Se distraire

La Moustache, de Emmanuel Carrère

Je ne m’attendais pas à quelque chose de débile comme ça. J’avais entendu dire que c’était drôle, mais je n’avais pas compris que c’était aussi malaisant et troublant et complètement cinglé. Seriez-vous plus du genre à rire de délice ou à fuir, écoeurés?

Résumé

Le narrateur se rase tous les jours. Il aime garder sa moustache bien nette. Un jour, il demande à sa femme : “Est-ce que tu penses que tu m’aimerais sans moustache?” Elle répond : “Je ne sais pas, je t’ai toujours connu sans. Mais ça pourrait être joli, oui.”

Il décide alors de la surprendre, et lors de sa séance de rasage quotidienne, il rase sa moustache. Il attend la réaction de sa femme. Mais celle-ci ne vient jamais. Elle ne fait aucun commentaire, ne démontre aucun signe de surprise, absolument rien. Déboussolé, il refuse toutefois de pointer l’évidence. Elle doit faire une blague, une drôle de blague, mais elle finira par céder. Mais lors d’un souper avec de vieux amis, encore une fois, personne ne souligne le changement drastique sur son visage. Pire: sa femme insiste sur le fait qu’il n’a jamais eu de moustache.

D’un acte banal, on dégringole alors rapidement vers la paranoïa… et la folie.

Impressions

Certaines personnes n’ont pas aimé le livre, parce que la fin ne conclut rien et que le livre ne fait aucun sens. Moi, je trouve que c’est sa force.

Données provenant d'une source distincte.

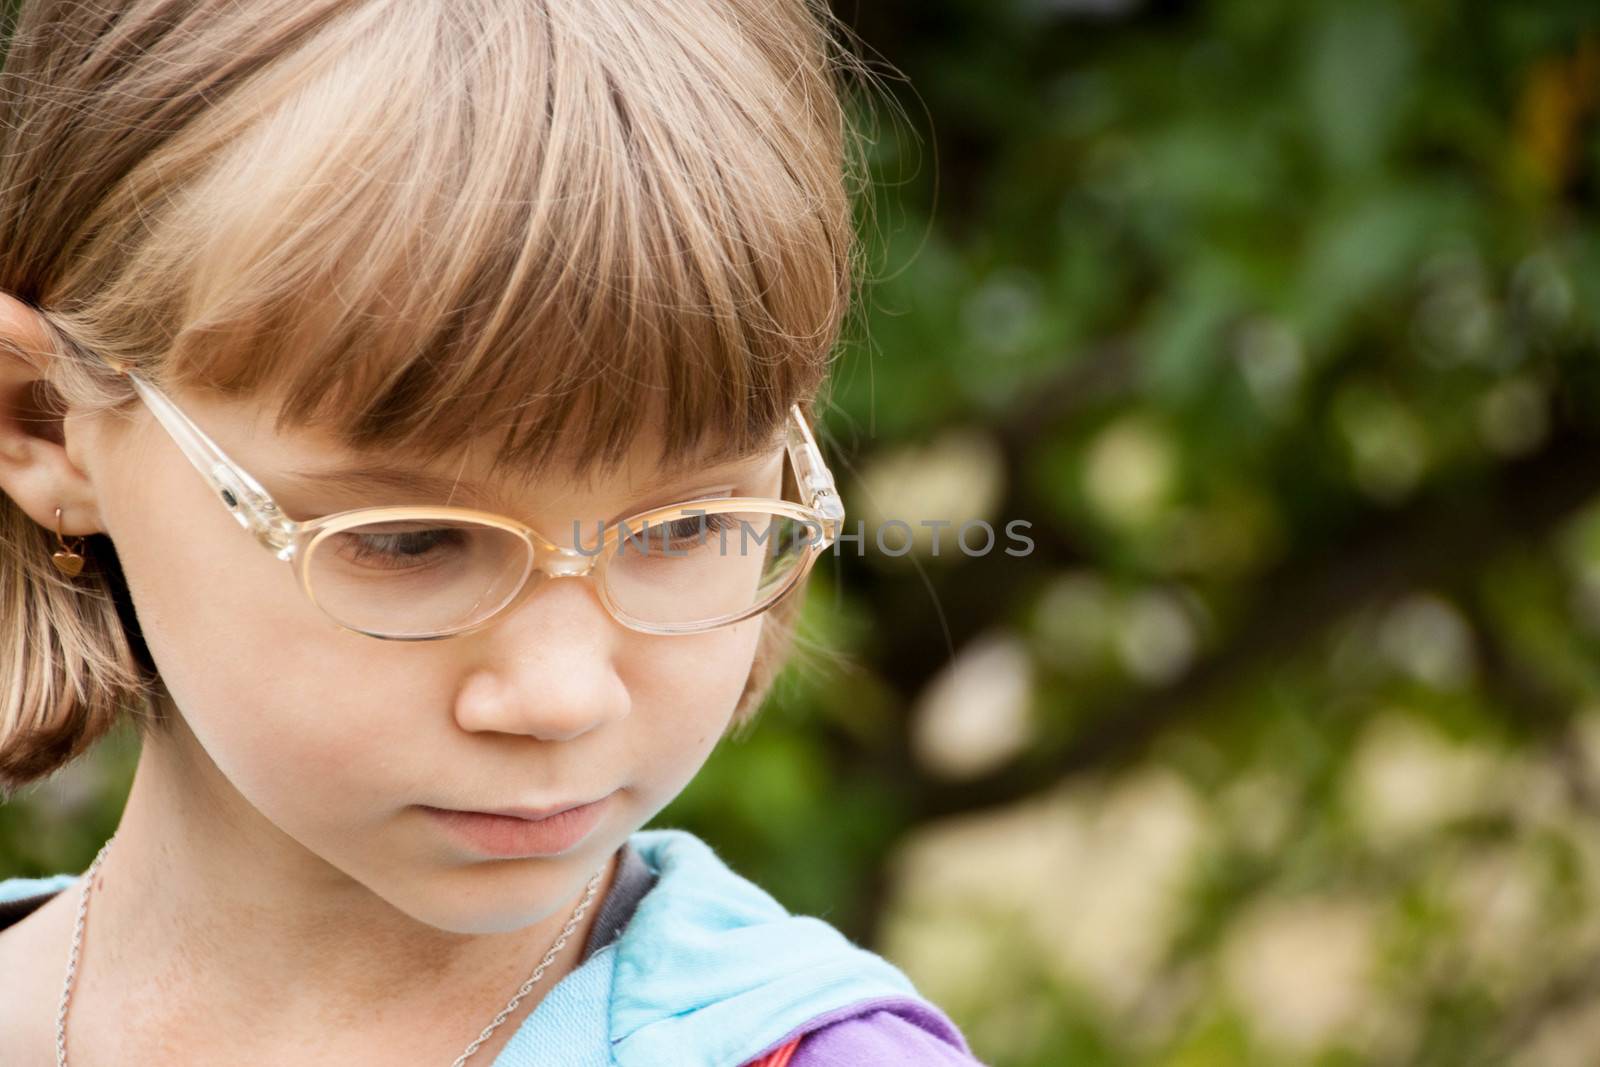  little blond girl with glasses by alexx60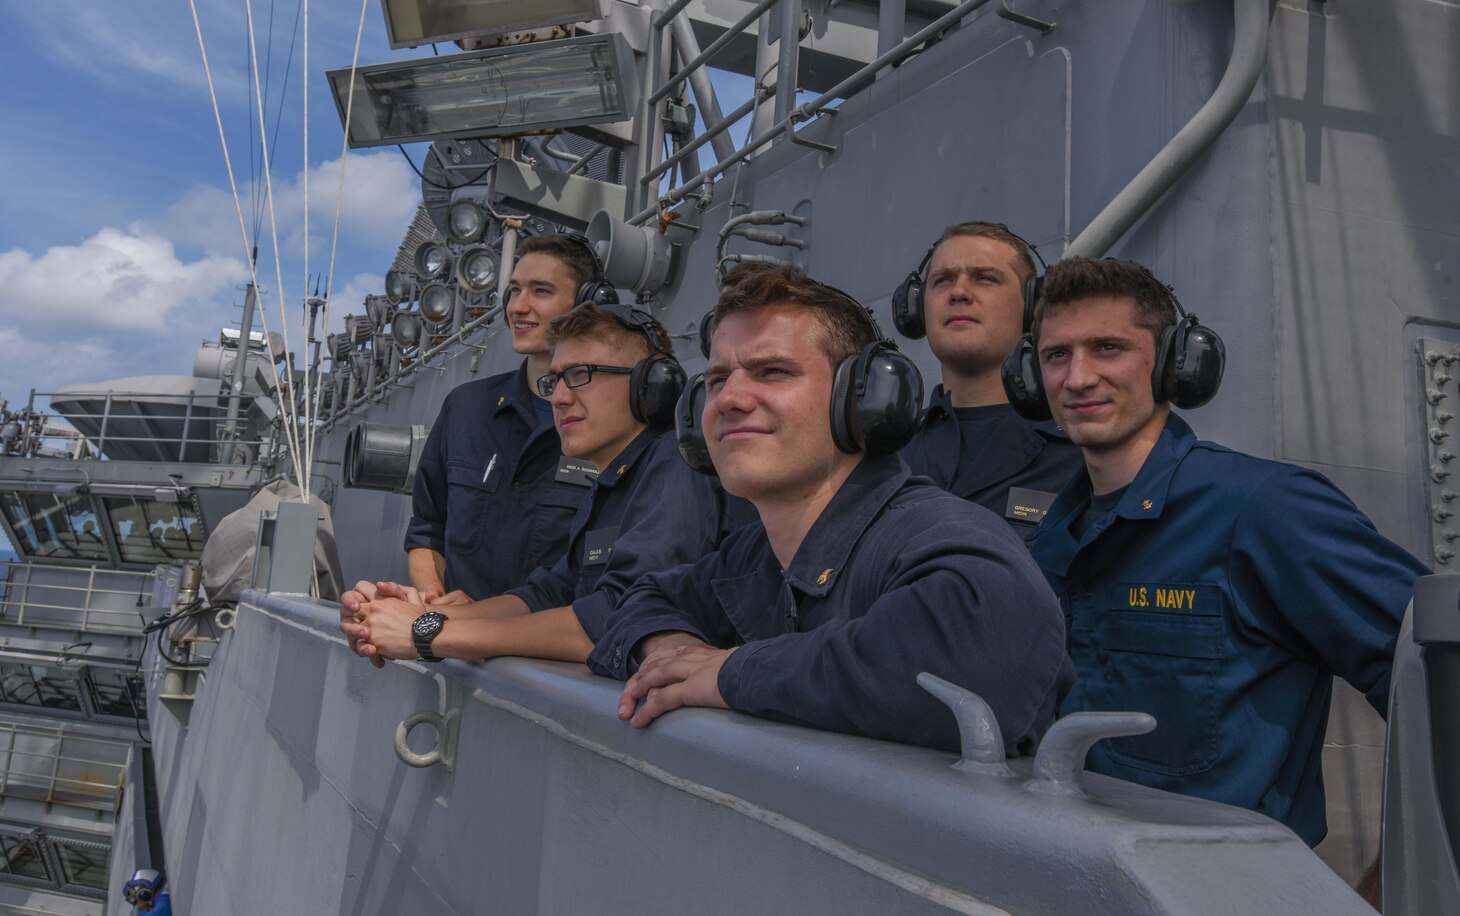 Midshipmen observe flight operations on the Navy's forward-deployed aircraft carrier, USS Ronald Reagan (CVN 76), during their summer cruise. Ronald Reagan, the flagship of Carrier Strike Group 5, provides a combat-ready force that protects and defends the collective maritime interests of its allies and partners in the Indo-Pacific region.

J’ai trouvé fascinant à quel point on passait d’un événement si banal à un malaise aussi grand, et ce, si graduellement. On ne se doute jamais à quel point ça peut mal tourner, à quel point la prochaine étape sera tordue, on comprend les gestes du narrateur et, comme lui, on est complètement désarçonnés par la réaction du monde autour de lui. On ne comprend rien, et lui non plus. Et quand la goutte finale vient faire déborder le vase, on comprend pourquoi le narrateur fait ce qu’il fait.

Ce n’est pas un roman très profond, mais c’est certainement un roman qui suscite des émotions plutôt intenses, et on ne peut nier qu’Emmanuel Carrère écrit bien. (Enfin, oui, sûrement qu’on peut le nier, mais je ne suis pas d’accord.) Ce sont des petites montagnes russes dans un livre somme tout court et facilement digérable. Emmanuel Carrère est un auteur reconnu et encensé, et comme premier contact, je trouve que La Moustache est parfait.